BoxElderCrossingRemember when you first felt freedom?  Whether freedom is frightening or thrilling, people usually have a “first freedom” story.  We realized we get to make choices about our lives, vote, leave on a plane by ourselves for the first time, walk through the door on our own apartment or house.

I felt my first taste of footloose freedom in the wildlife areas of Eastern Washington. Hiking through LT Murray, I followed game trails and jeep roads past hunting camps empty since the previous fall.  I camped where ever I wanted, not in a numbered, reserved site. This is nothing like Western Washington, where piles of branches cut off social paths, signs point the way, and you are reminded to stay on the trail-always!

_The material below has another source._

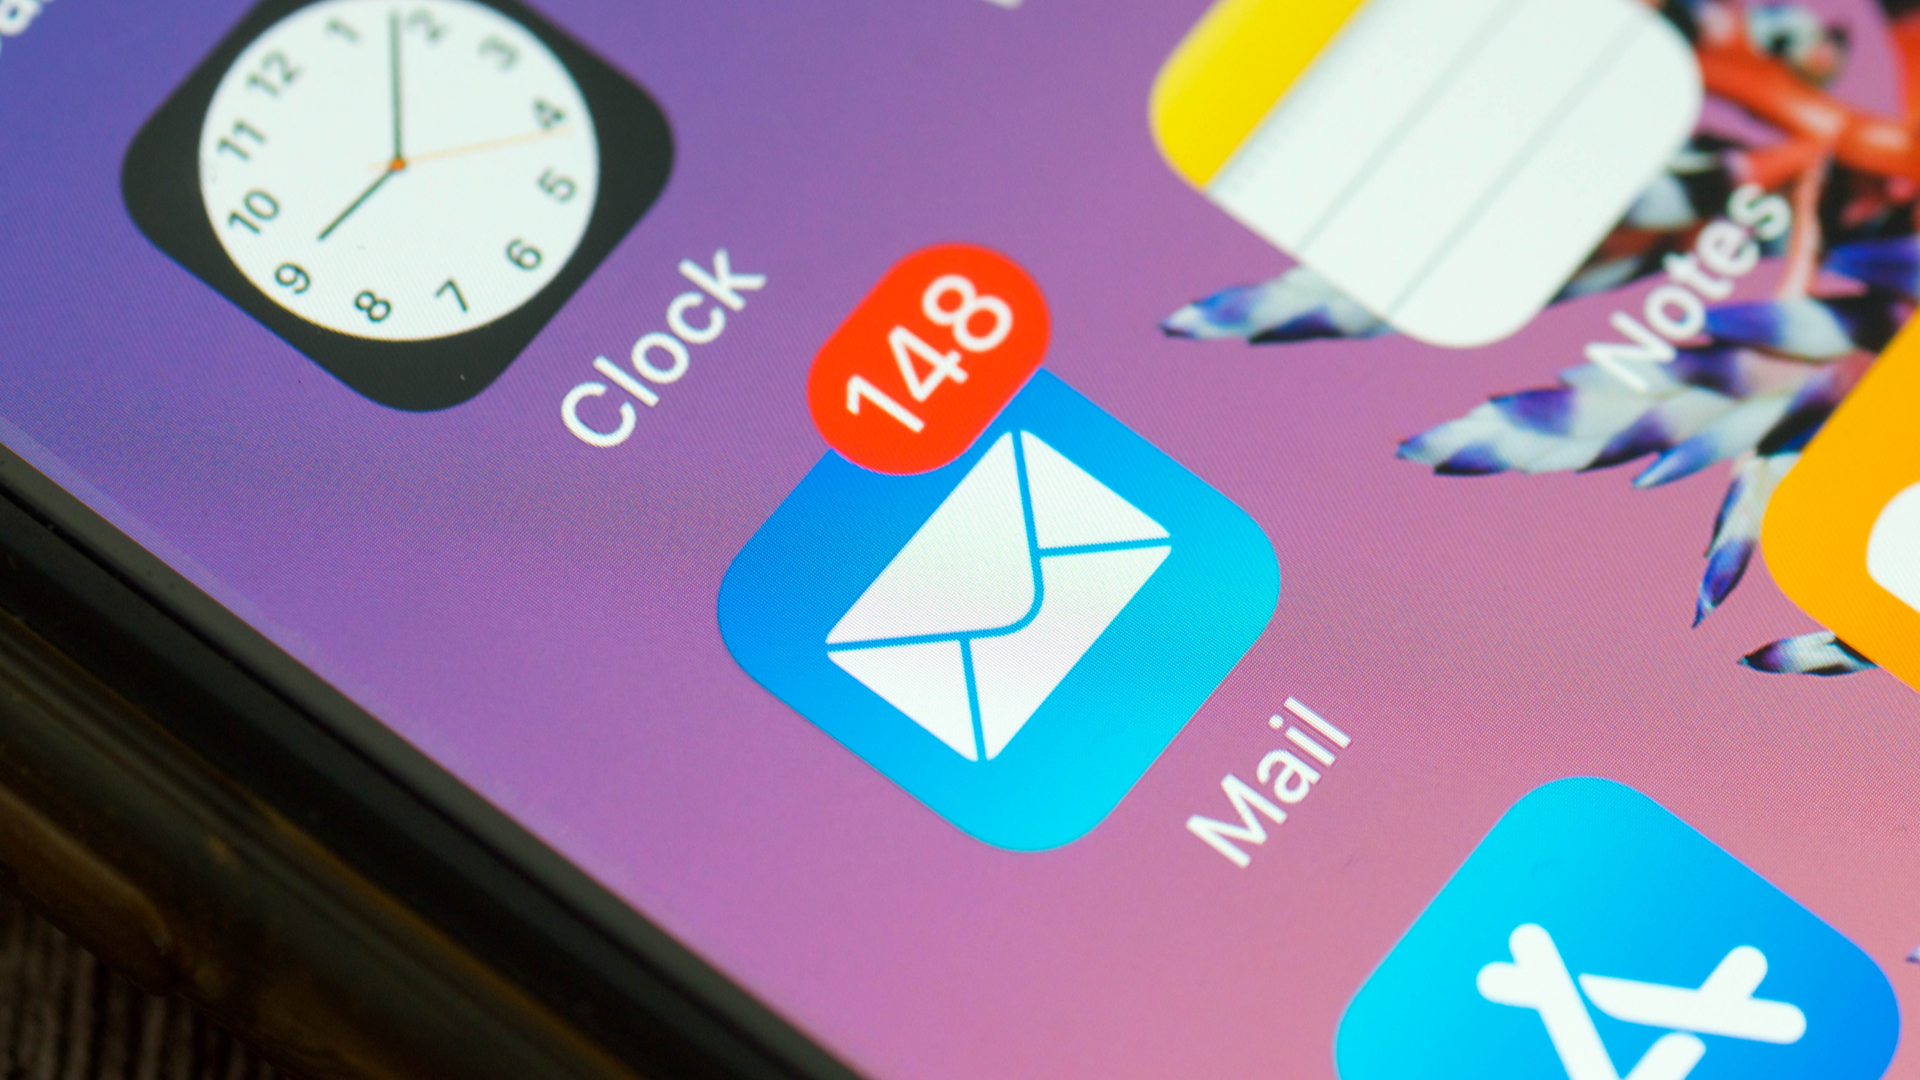 You Don't Need iCloud+ for 'Hide My Email' in iOS 15
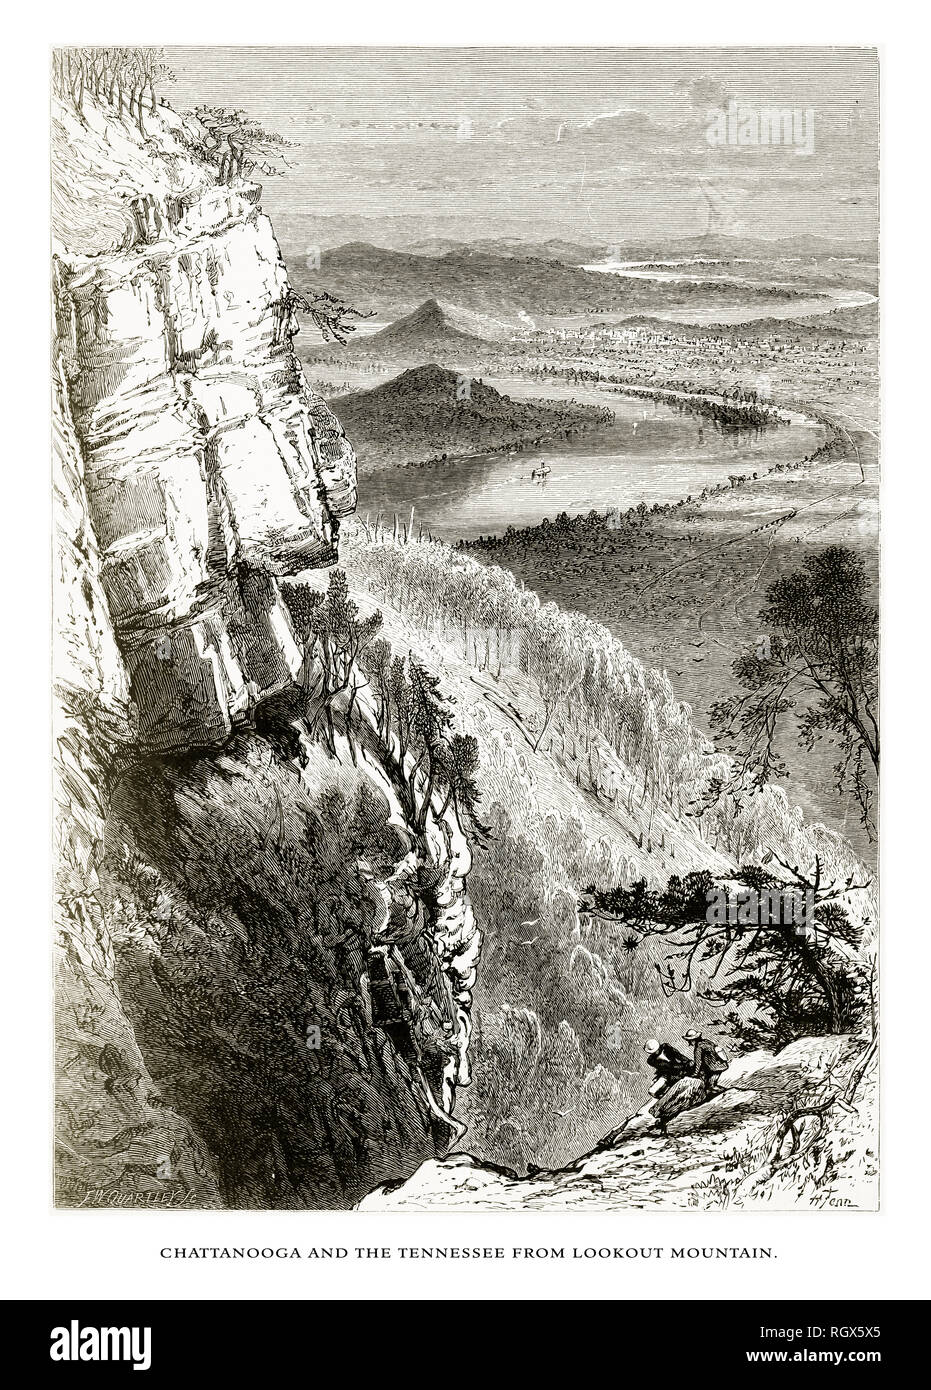 Chattanooga and the Tennessee River from Lookout Mountain, Tennessee, United States, American Victorian Engraving, 1872 Stock Photo

To be fair, the impact of too many feet on wet ground is the reason for these restrictions.  The dry side of the state has firmer ground and fewer lug sole boots treading the trail.

But confinement to a path creates a strange geometric mindset.  You hike to a point and back, and hopefully the point has a view, a meadow, or a lake. If you’re lucky, you are on a loop so that you can go in a circle. Signs may point the way. Mountaineering gives some freedom, but you’re probably following a documented route, whether it’s drawn on a map or downloaded on a phone. There is little loneliness to be found:  lines form on some hiking trails and volcano hikes.

You don’t just wander here.

So I felt like a refugee from a land of rules on my first trip to American Prairie Reserve.  I waited to go there until there was an online reservation system to ensure a campsite.  I made sure I had my America the Beautiful public lands pass for Charles Russell Wildlife Refuge.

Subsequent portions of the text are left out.